This week, we chat with Brian Baker, co-creator of 2v2 Gunfight mode. Brian peels back the curtain and gives an inside look on how Gunfight was made along with some insight on getting into Level Design.




Who are you? What do you do @ IW?

Hi, I’m Brian Baker and I am a Level Designer on the Multiplayer team. 

Level Designers are responsible for all things map-related. Such as taking a map from a concept or idea to a gameplay ready block out. We place player collision, game mode objectives, spawn locations, and AI pathing to the maps. We optimize performance and fix bugs. We do a lot of playtesting and give/receive a lot of feedback. We also support the Art, SFX, and Audio teams while they work their magic on the maps.


When did you join IW? What did you do beforehand?

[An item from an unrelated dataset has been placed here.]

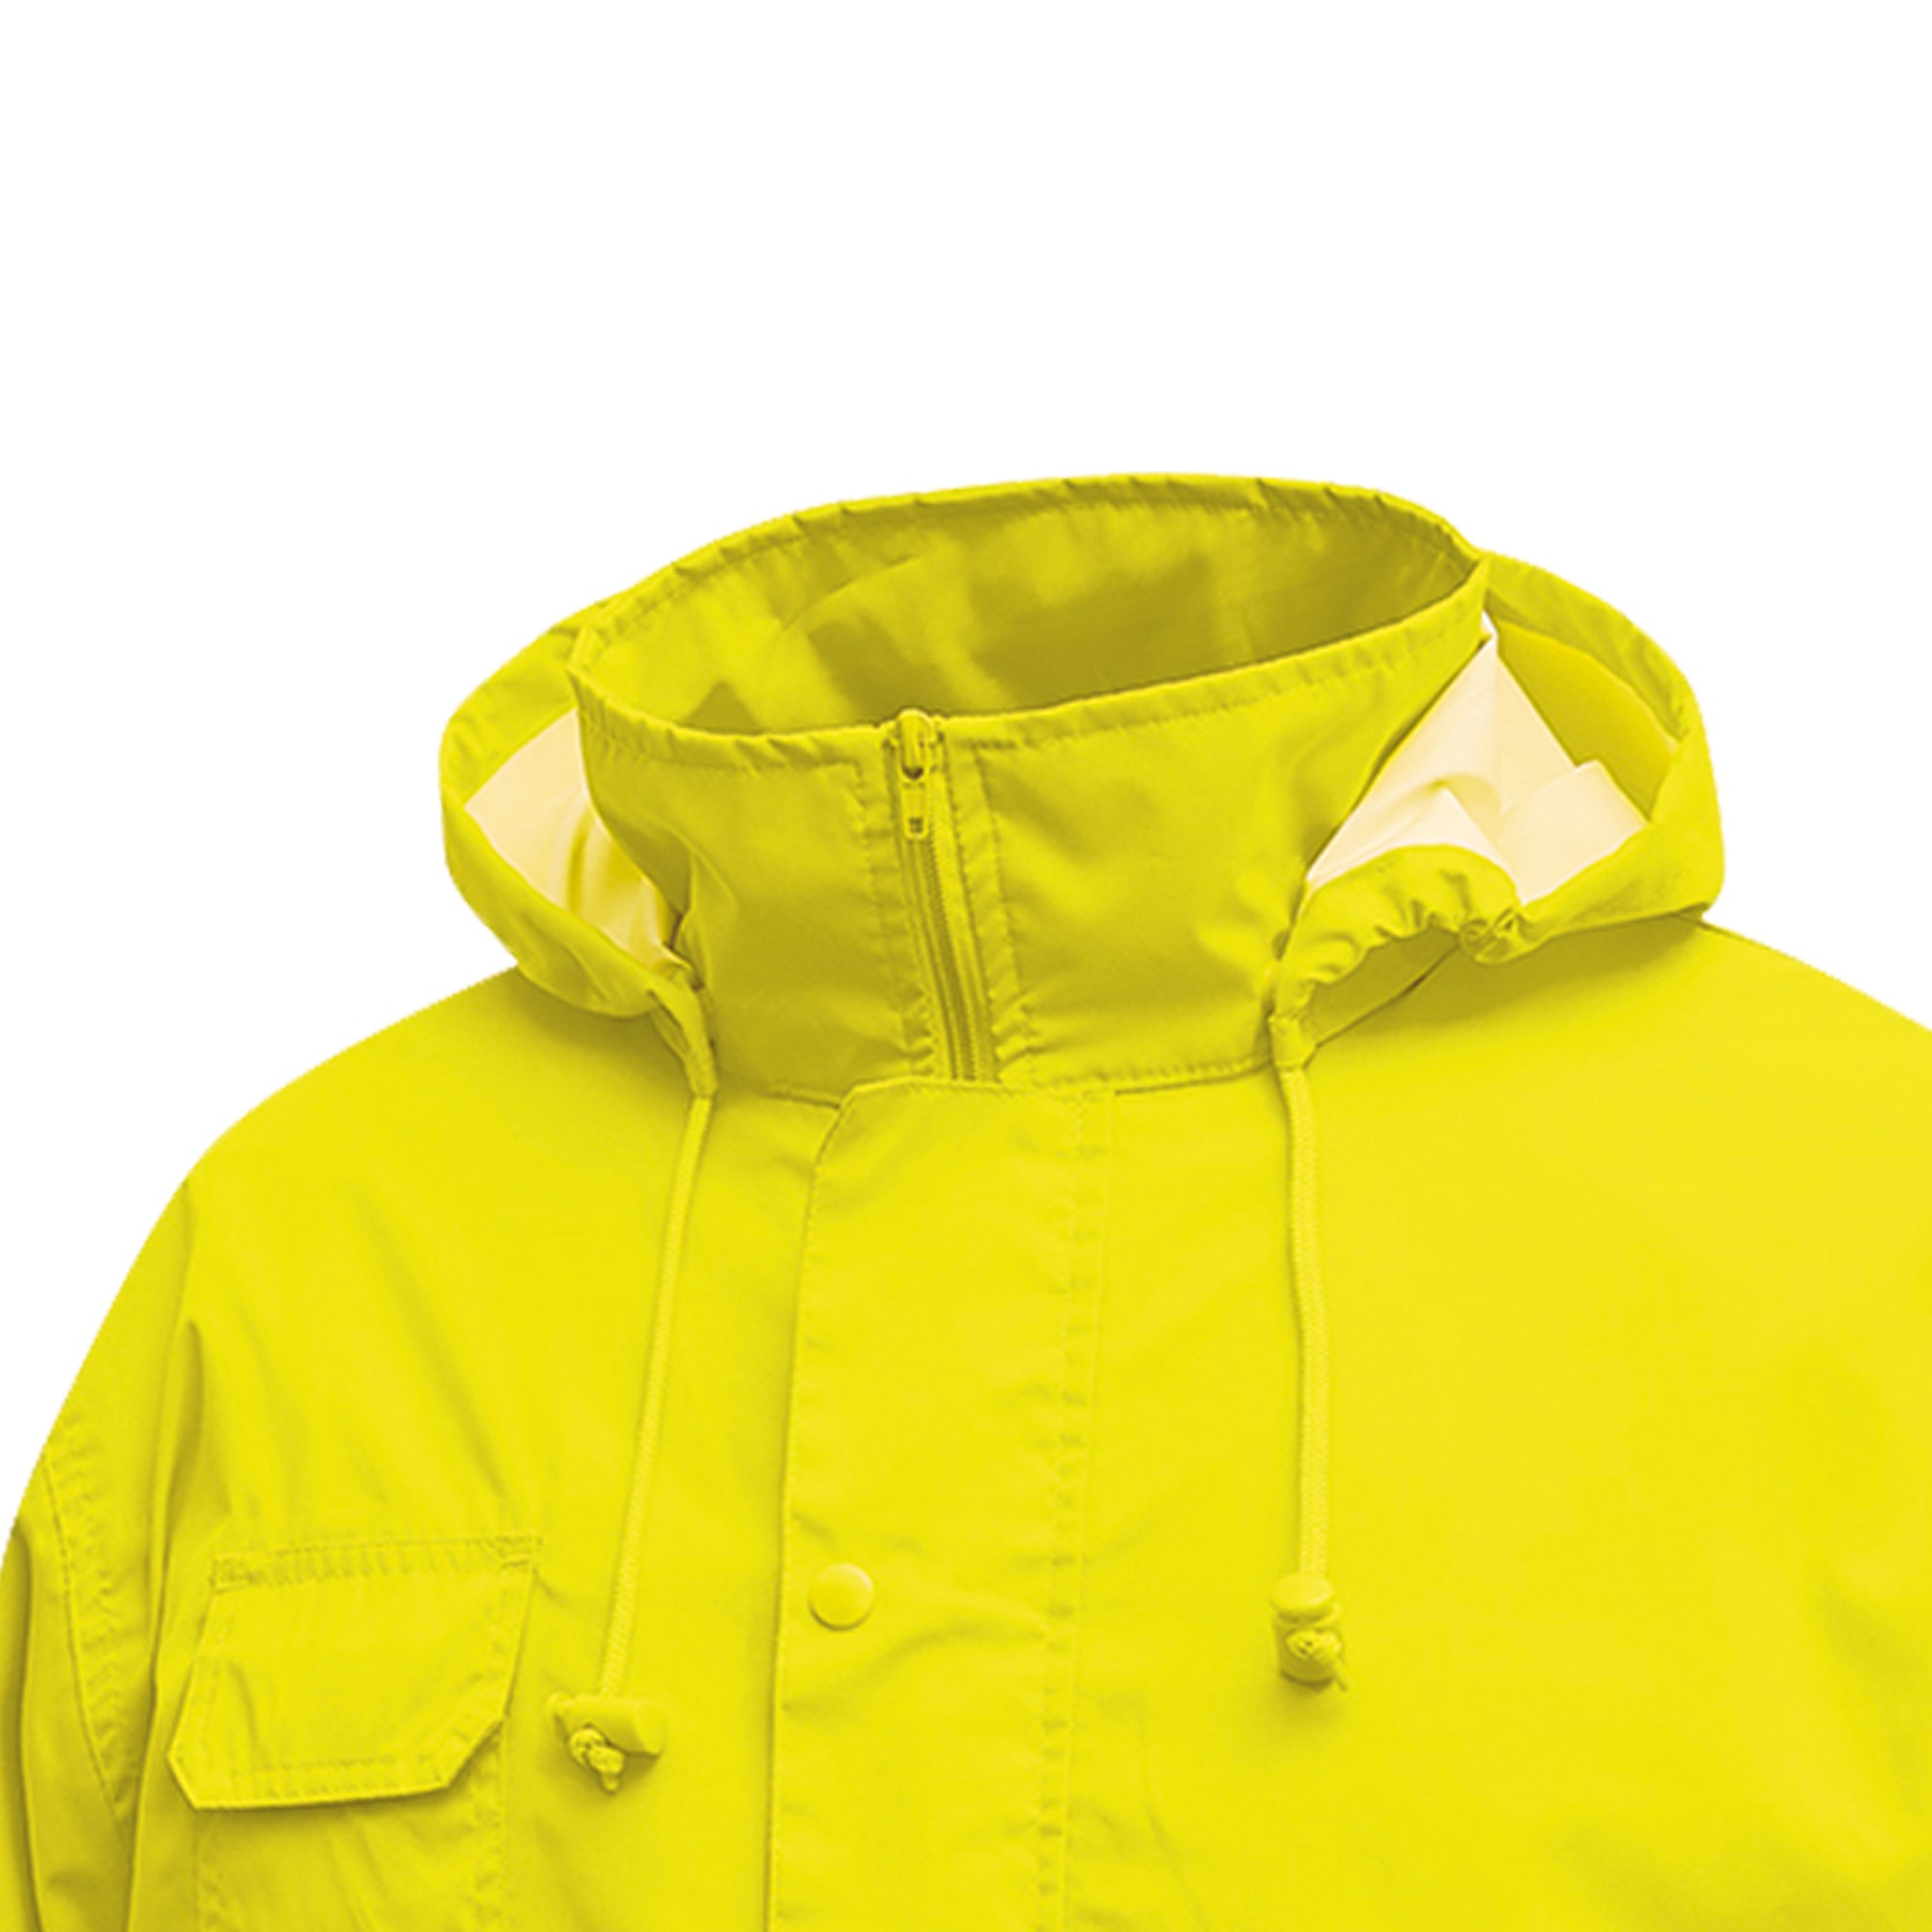 u-power-completo-antipioggia-alta-visibilita-cover-giallo-fluo-taglia-l

I joined IW in 2010, but my first job in the industry was in 2006. When I was in college, I got a summer job as a temp QA tester over at Activision in Santa Monica. My first project was Call of Duty 3. After that project, I actually quit so I could finish college (I had one semester left). But as soon as I did, I went back to QA testing. I worked on basically everything that came out of Activision between 2007-2010. (Guitar Hero, Tony Hawk, Call of Duty, Spider-man, etc) Then I got an opportunity to work onsite as QA at IW during MW2. After that game shipped, they hired me on full time. I worked on MW3 and started to mess around with the level editor “Radiant” in my free time and was able to move up to design during Ghosts.


What do you like to do outside of the studio in your free time?

I’m gonna be honest, I got into this industry because I wanted an excuse to play videogames all the time. It’s worked out! But I also like to read, watch shows/sports, and play board games with my friends.


Tell us about a piece of work that you are most proud of.

I’m most proud of 2v2 Gunfight. My good friend and co-worker Dave Mickner and I designed and prototyped out the mode in our free time. Dave scripted the mode and I designed the initial set of maps: King, Stack, Speedball, Docks, Atrium, and Gulag Showers. We had a blast making it, so much so we had to continually tell people (including Dave and me) to stop playing 2v2’s and get back to work.



What advice would you give to someone wanting to get into Level Design?

Play lots of games! For me, I grew up playing a lot of Counter-Strike, Team Fortress, and Halo. Plus, all my time as a QA tester on CoD games really helped me figure out multiplayer level design and helped me build my own style of design philosophies and principles. Which helped me immensely when I first started making maps and still influence my maps to this day. Also, get lots of feedback and iterate, iterate and iterate. 


What do you know about working in games now, that you wish you knew before?

I wish I messed around in level editors like Hammer (source) when I was younger. I feel like I could have learned so much back then. Today, we have amazing game development software like Unity and Unreal that’s free and highly documented with loads of tutorials and classes. So, get out there and learn to make games, no excuses!